Sacks-Davis Rachel, McBryde Emma, Grebely Jason, Hellard Margaret, Vickerman Peter
Centre for Population Health, Burnet Institute, Melbourne, Australia Department of Epidemiology and Preventive Medicine, Monash University, Melbourne, Australia
Centre for Population Health, Burnet Institute, Melbourne, Australia Victorian Infectious Diseases Service, Royal Melbourne Hospital, Melbourne, Australia Department of Medicine, University of Melbourne, Melbourne, Australia.
J R Soc Interface. 2015 Mar 6;12(104):20141197. doi: 10.1098/rsif.2014.1197.
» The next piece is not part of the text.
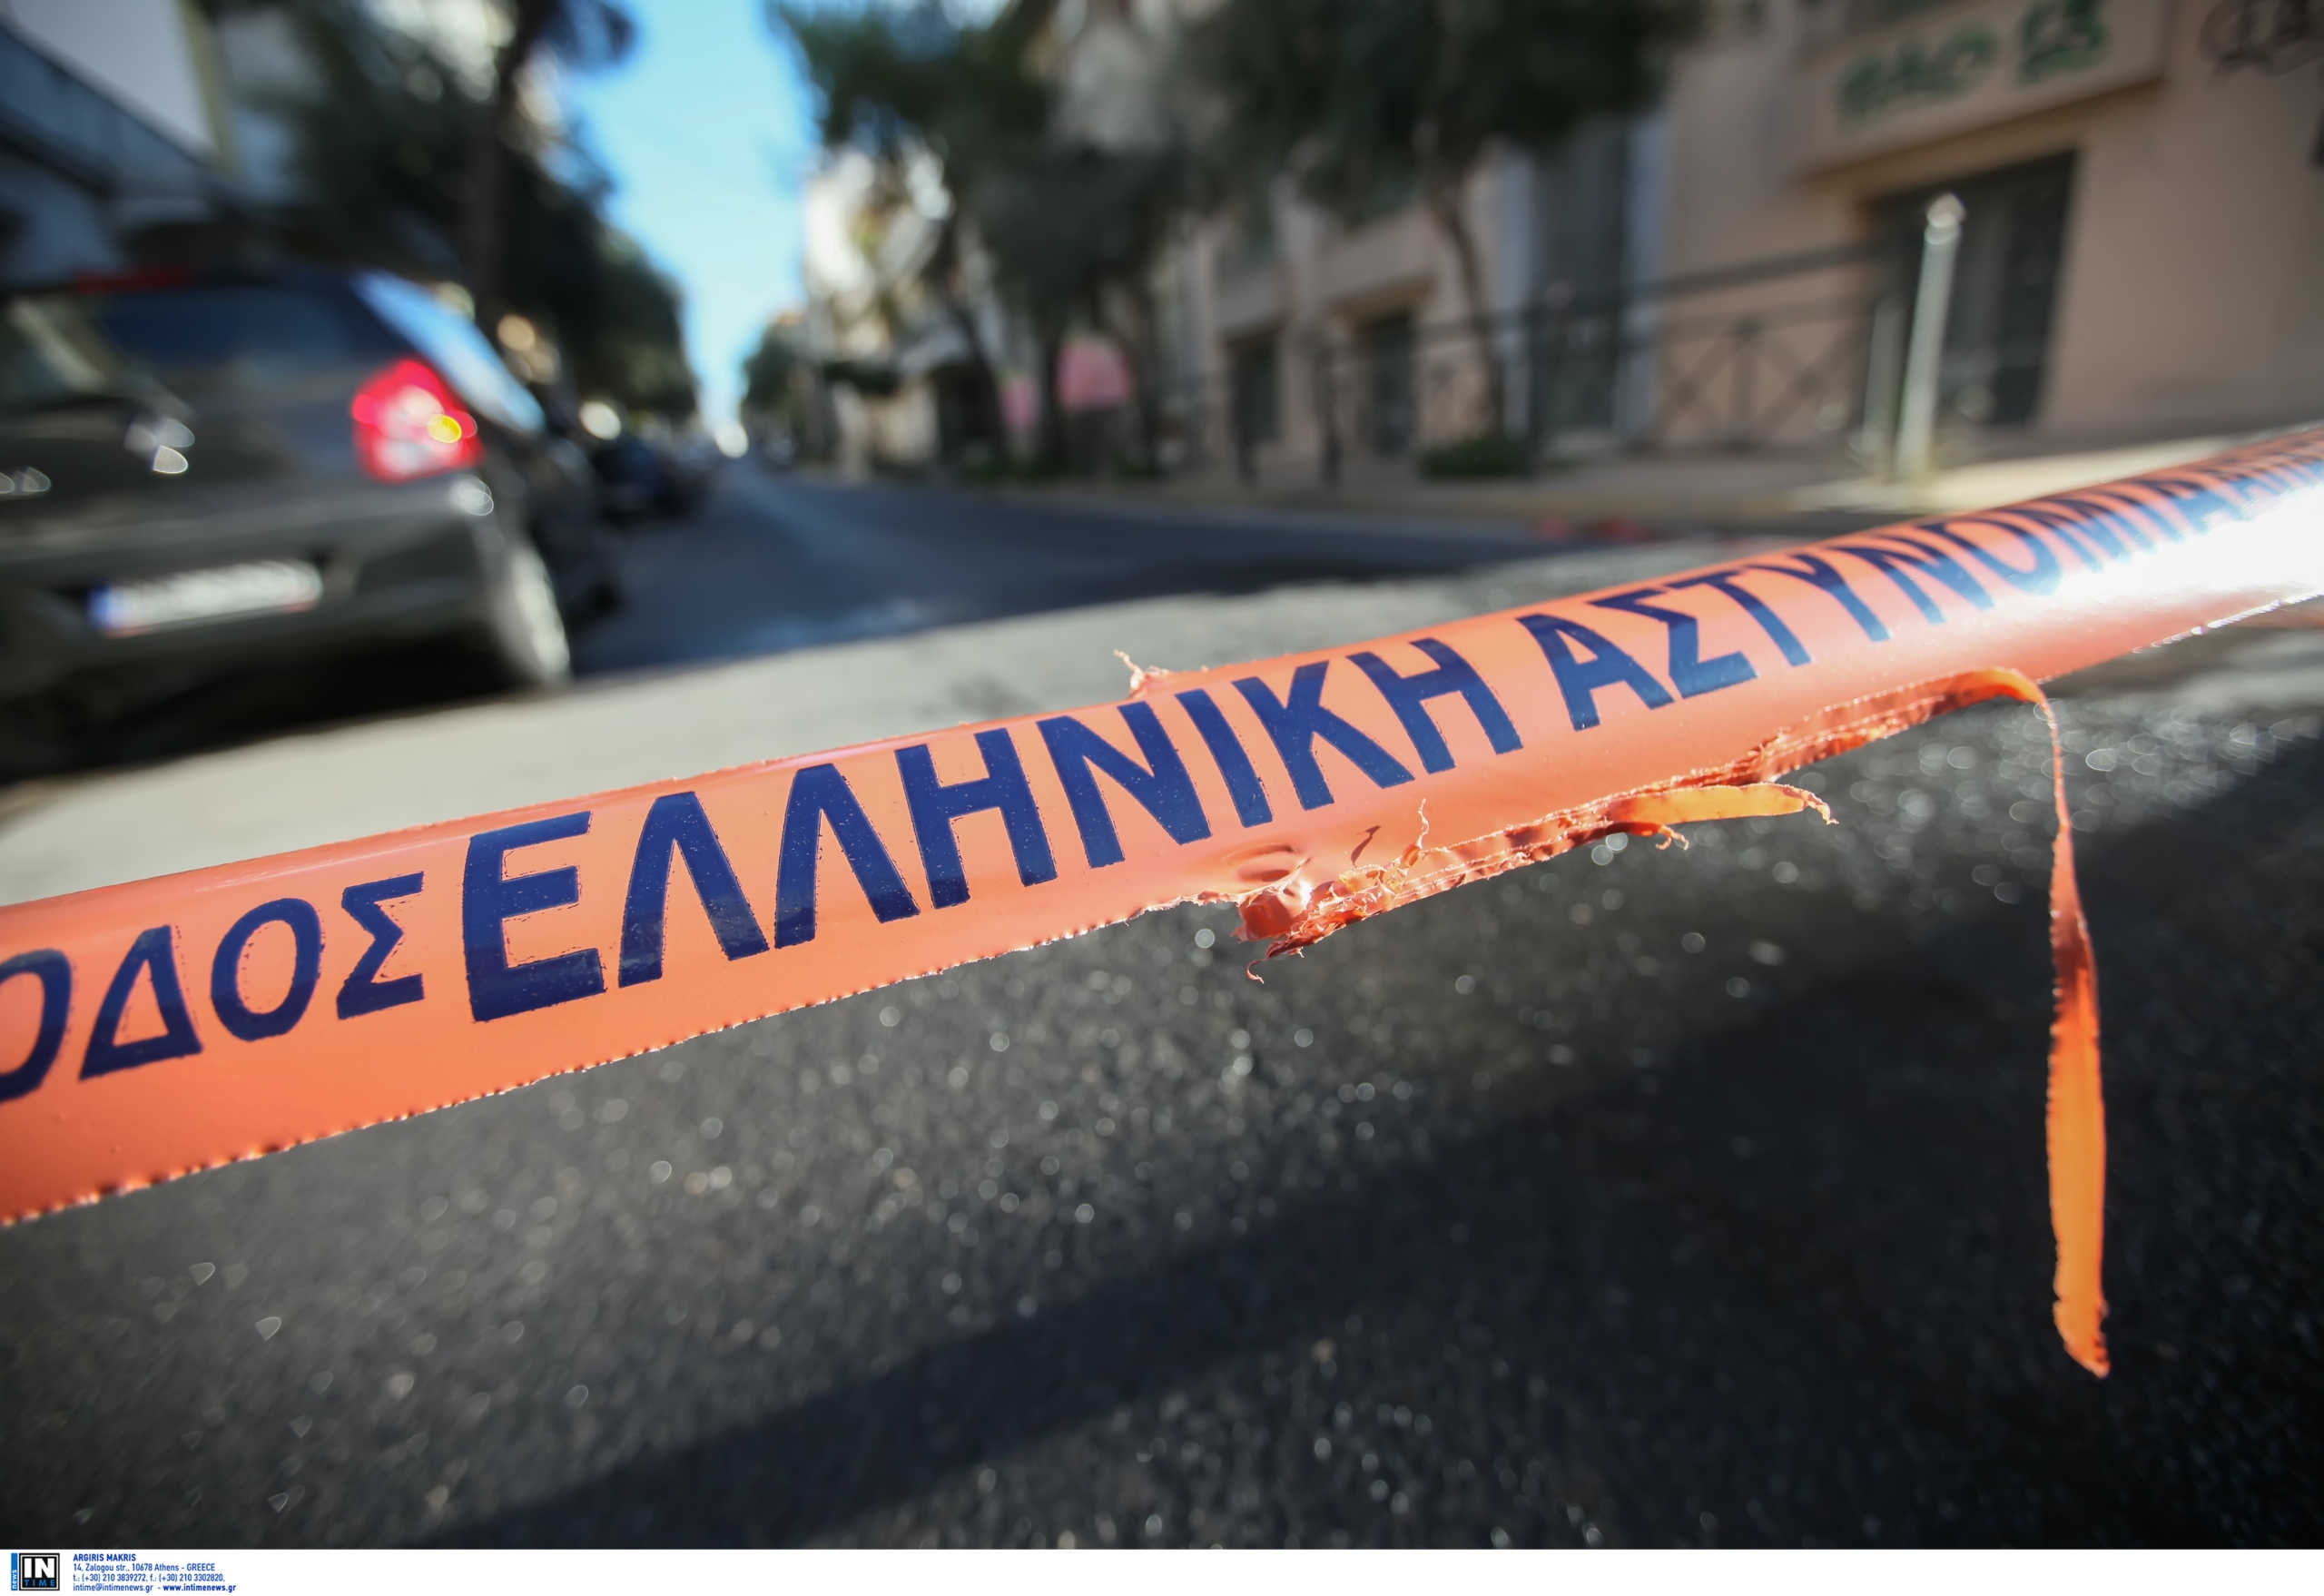 Θεσσαλονίκη: Ληστεία σε ψιλικατζίδικο με λεία 350 ευρώ! Έβγαλαν όπλο στον υπάλληλο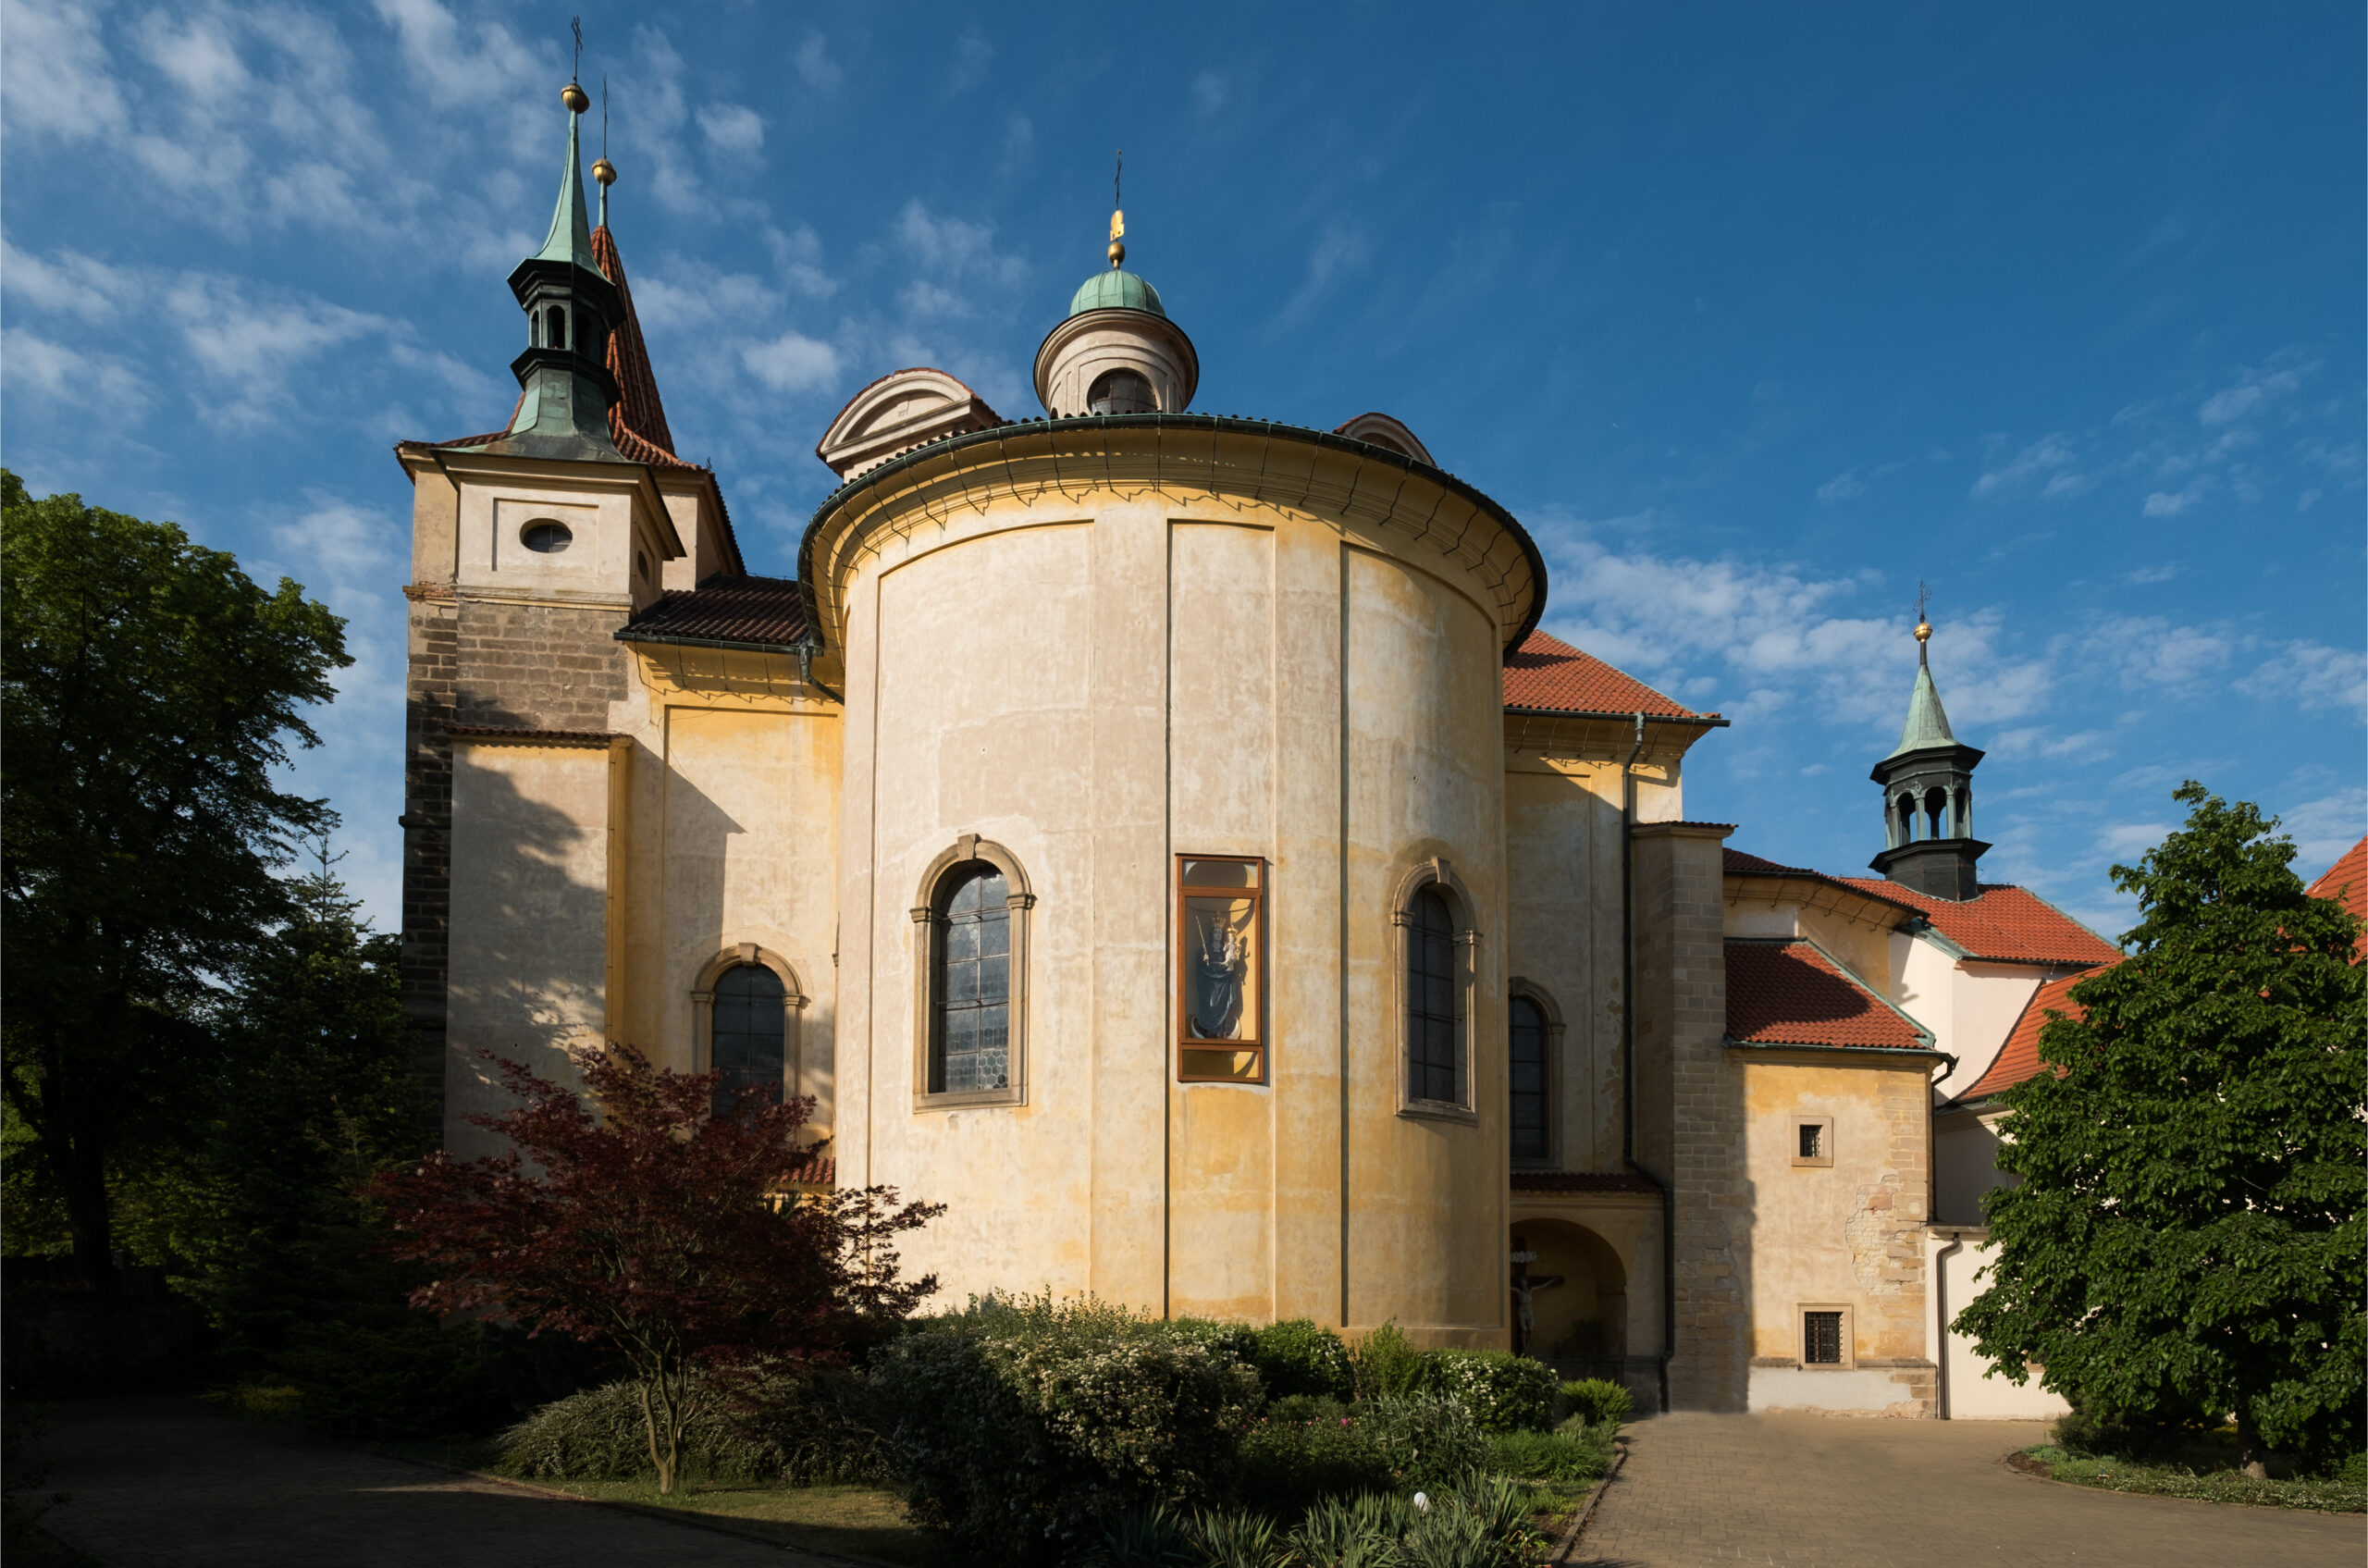 Pohled na kostel s klášterem od vstupní brány

Hepatitis C virus (HCV) reinfection rates are probably underestimated due to reinfection episodes occurring between study visits. A Markov model of HCV reinfection and spontaneous clearance was fitted to empirical data. Bayesian post-estimation was used to project reinfection rates, reinfection spontaneous clearance probability and duration of reinfection. Uniform prior probability distributions were assumed for reinfection rate (more than 0), spontaneous clearance probability (0-1) and duration (0.25-6.00 months). Model estimates were 104 per 100 person-years (95% CrI: 21-344), 0.84 (95% CrI: 0.59-0.98) and 1.3 months (95% CrI: 0.3-4.1) for reinfection rate, spontaneous clearance probability and duration, respectively. Simulation studies were used to assess model validity, demonstrating that the Bayesian model estimates provided useful information about the possible sources and magnitude of bias in epidemiological estimates of reinfection rates, probability of reinfection clearance and duration or reinfection. The quality of the Bayesian estimates improved for larger samples and shorter test intervals. Uncertainty in model estimates notwithstanding, findings suggest that HCV reinfections frequently and quickly result in spontaneous clearance, with many reinfection events going unobserved.
由于研究访视期间发生再感染事件,丙型肝炎病毒(HCV)再感染率可能被低估。将HCV再感染和自发清除的马尔可夫模型拟合到经验数据中。采用贝叶斯后验估计来预测再感染率、再感染自发清除概率和再感染持续时间。对再感染率(大于0)、自发清除概率(0 - 1)和持续时间(0.25 - 6.00个月)假设均匀先验概率分布。再感染率、自发清除概率和持续时间的模型估计分别为每100人年104例(95% CrI:21 - 344)、0.84(95% CrI:0.59 - 0.98)和1.3个月(95% CrI:0.3 - 4.1)。采用模拟研究评估模型有效性,结果表明贝叶斯模型估计为再感染率、再感染清除概率和再感染持续时间的流行病学估计中的可能偏差来源和偏差程度提供了有用信息。对于更大的样本和更短的检测间隔,贝叶斯估计的质量有所提高。尽管模型估计存在不确定性,但研究结果表明HCV再感染频繁且迅速导致自发清除,许多再感染事件未被观察到。